TASK INSTRUCTIONS -
Leave the pictures out. Retype exactly the lines below from the one containing "اشتري قم بشراء" through the one containing "Çin'in Uygur ailelerinden", and no others.

DATASET ENTRIES -
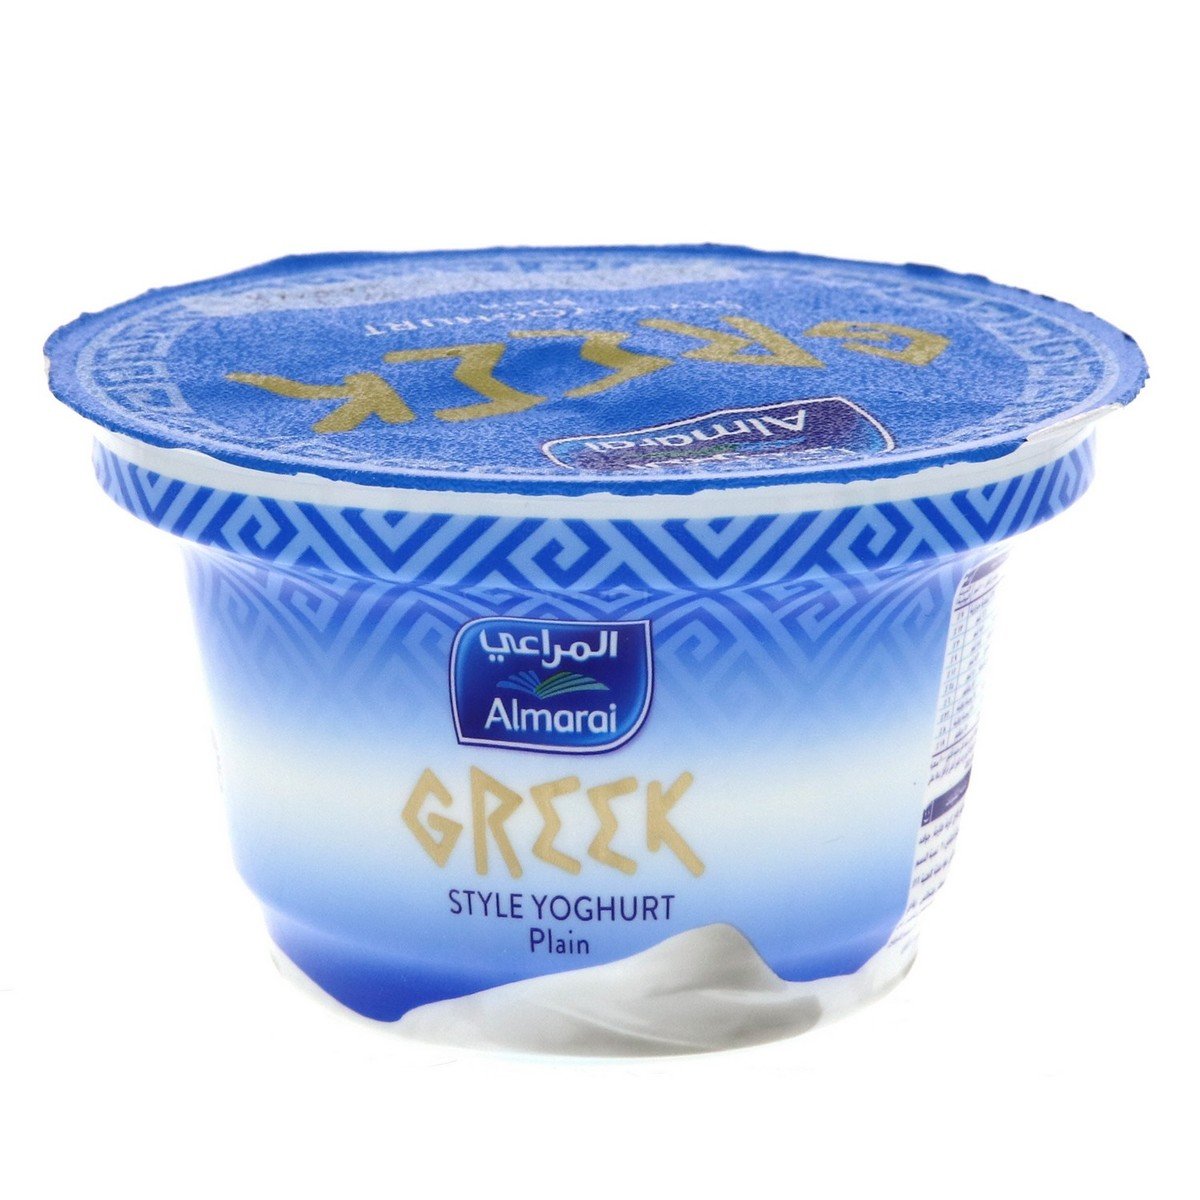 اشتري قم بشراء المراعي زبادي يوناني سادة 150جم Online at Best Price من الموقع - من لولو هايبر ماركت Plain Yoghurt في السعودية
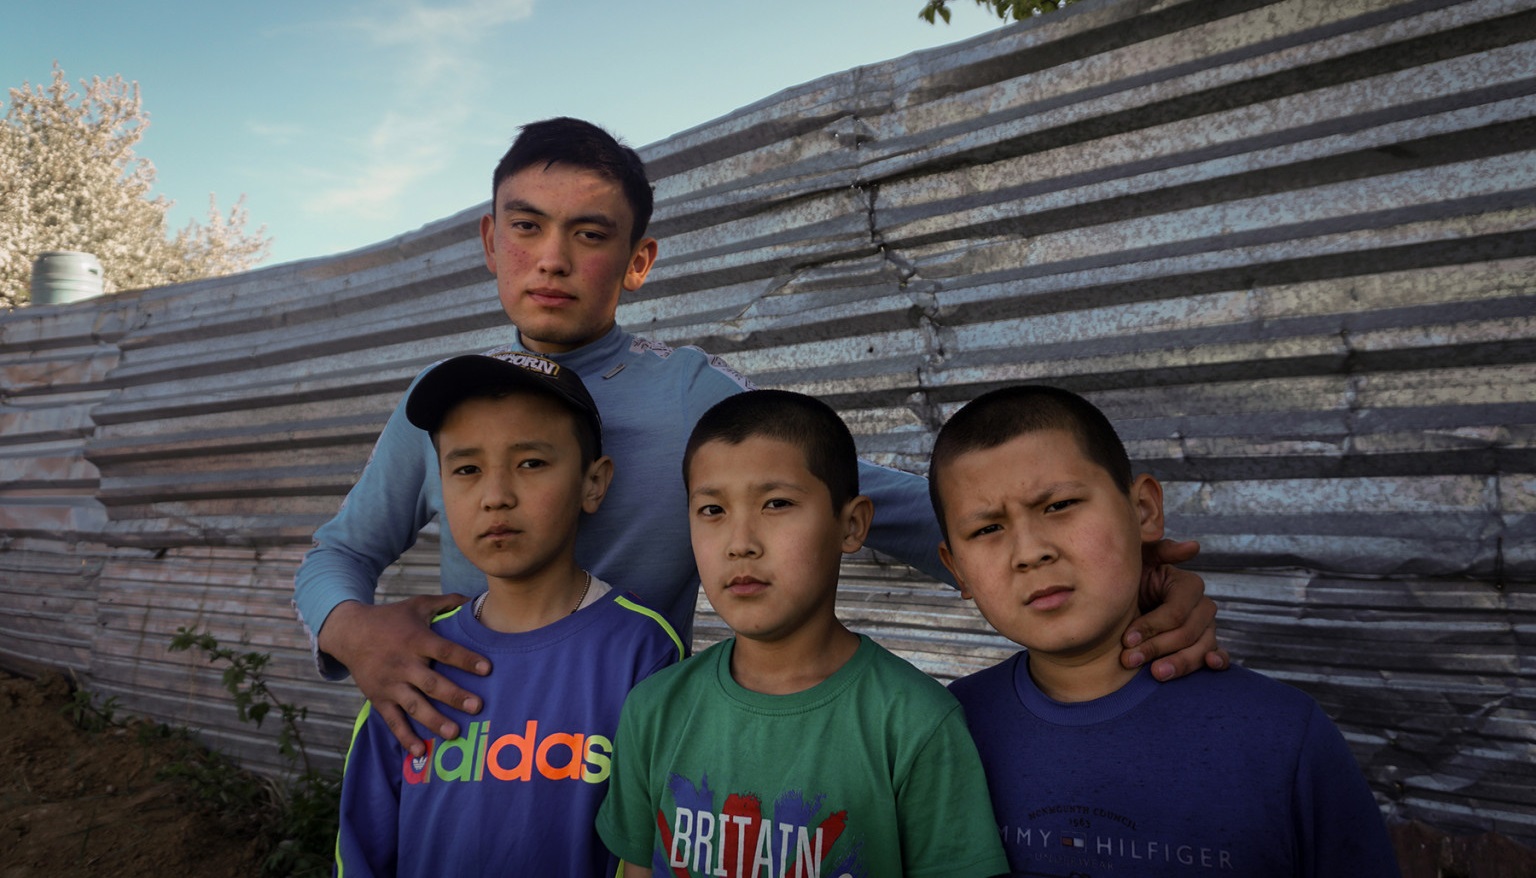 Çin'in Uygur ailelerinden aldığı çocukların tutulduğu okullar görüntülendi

...

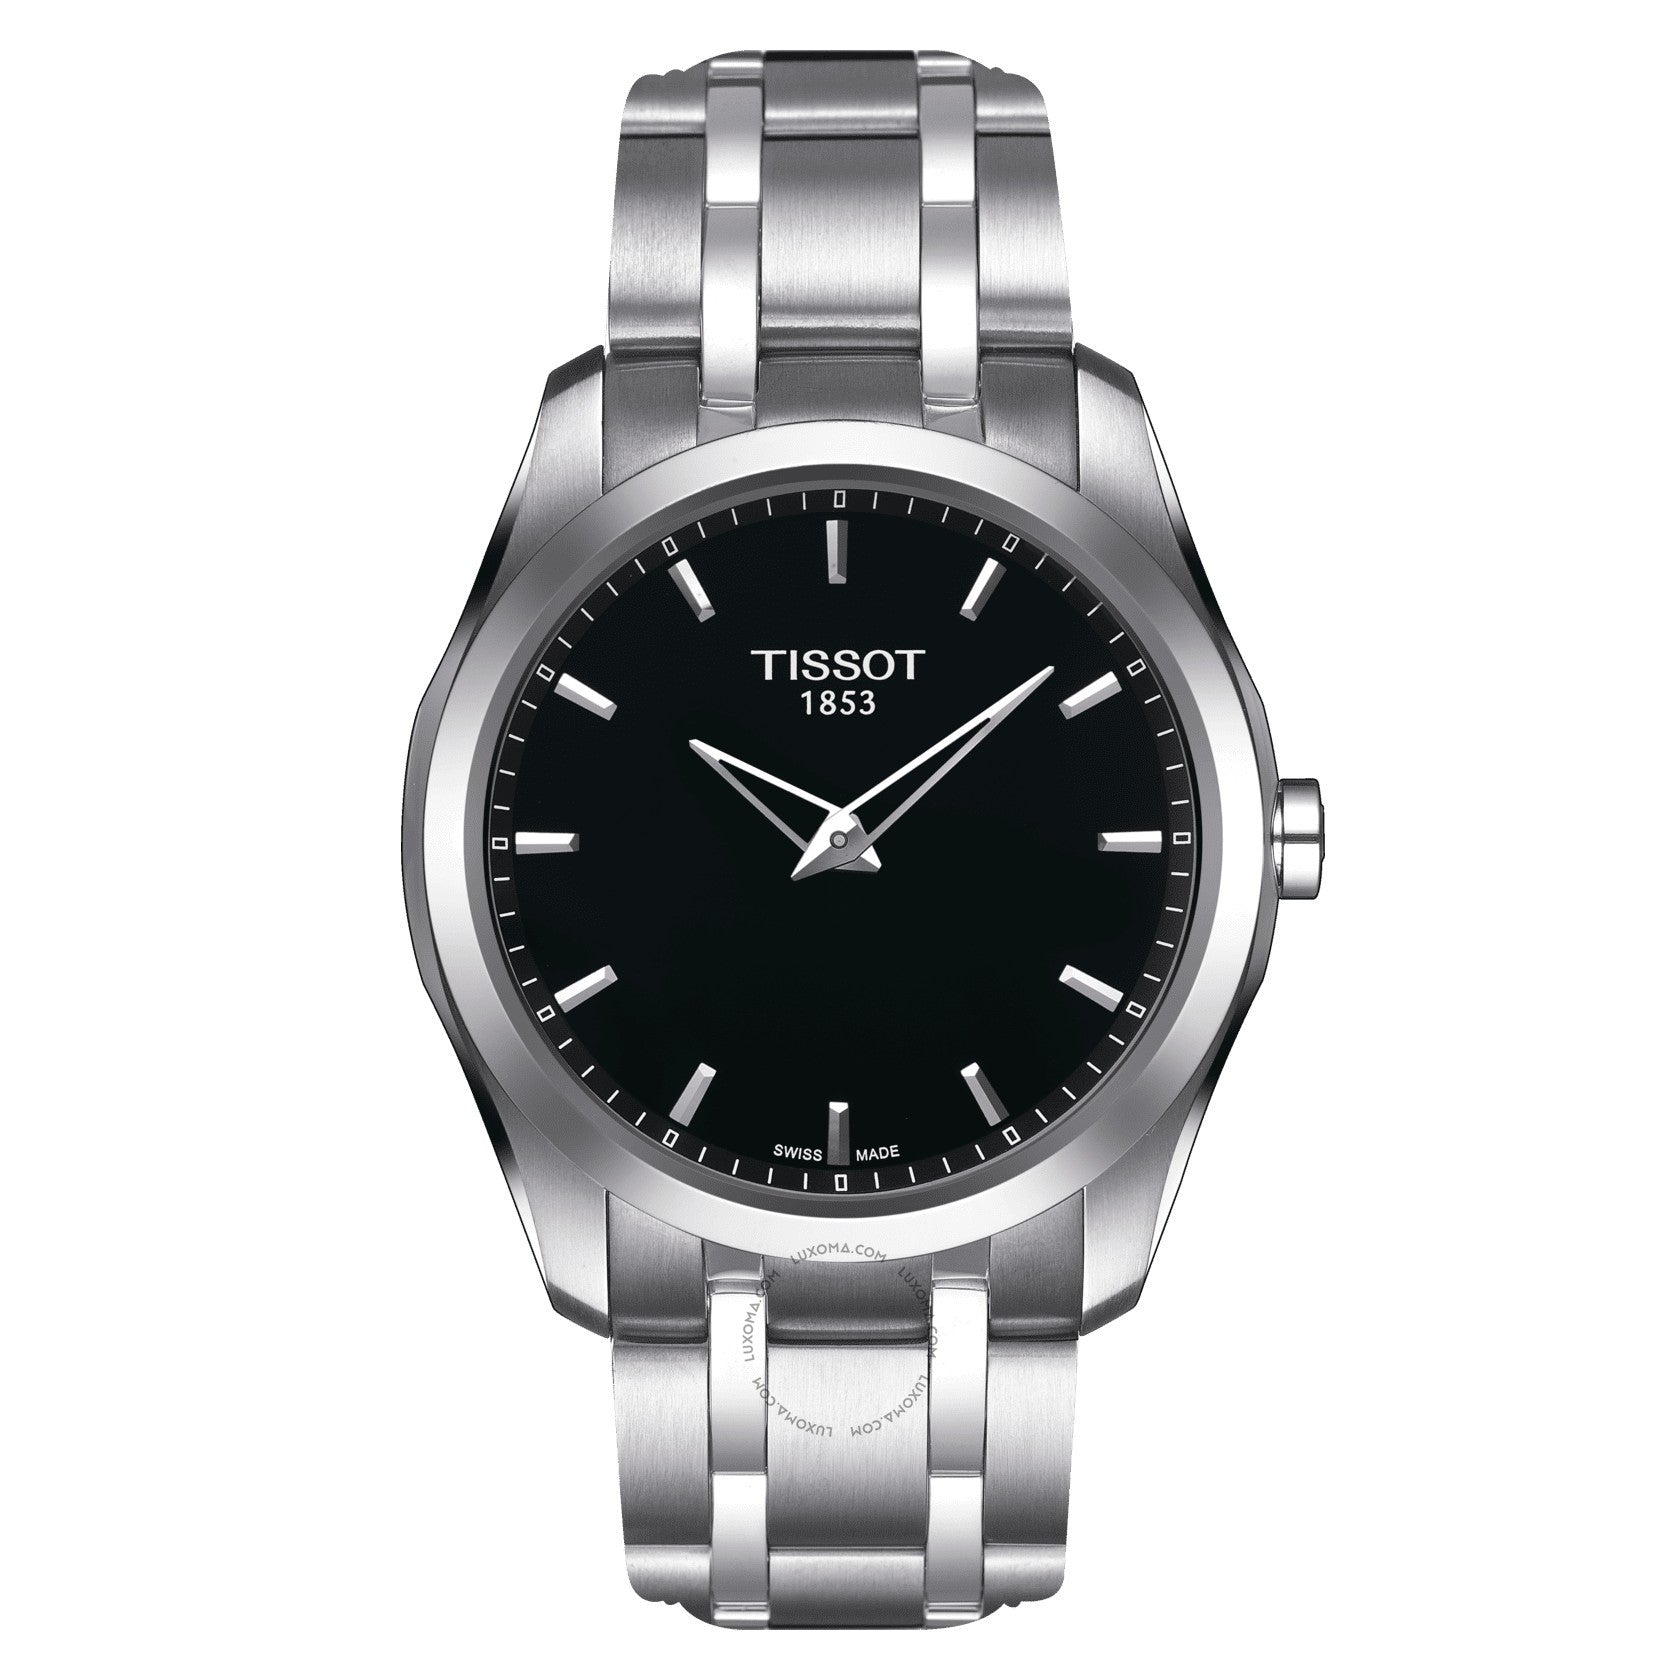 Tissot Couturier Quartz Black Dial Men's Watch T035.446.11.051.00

==

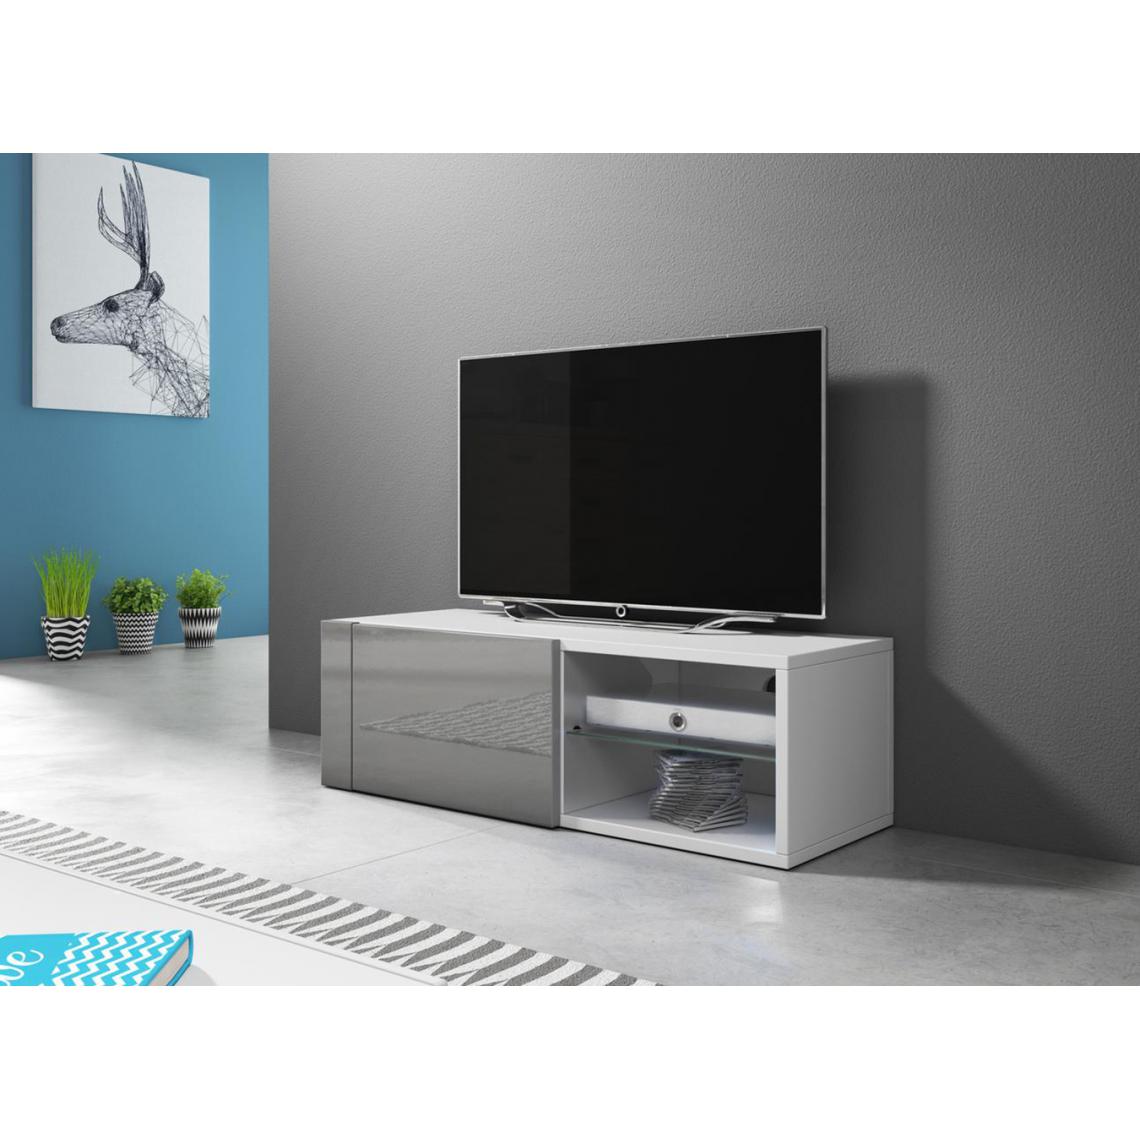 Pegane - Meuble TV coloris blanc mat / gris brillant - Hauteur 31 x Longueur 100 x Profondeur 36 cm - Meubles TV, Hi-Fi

OUTPUT OF THE EXERCISE -
 اشتري قم بشراء المراعي زبادي يوناني سادة 150جم Online at Best Price من الموقع - من لولو هايبر ماركت Plain Yoghurt في السعودية
 Çin'in Uygur ailelerinden aldığı çocukların tutulduğu okullar görüntülendi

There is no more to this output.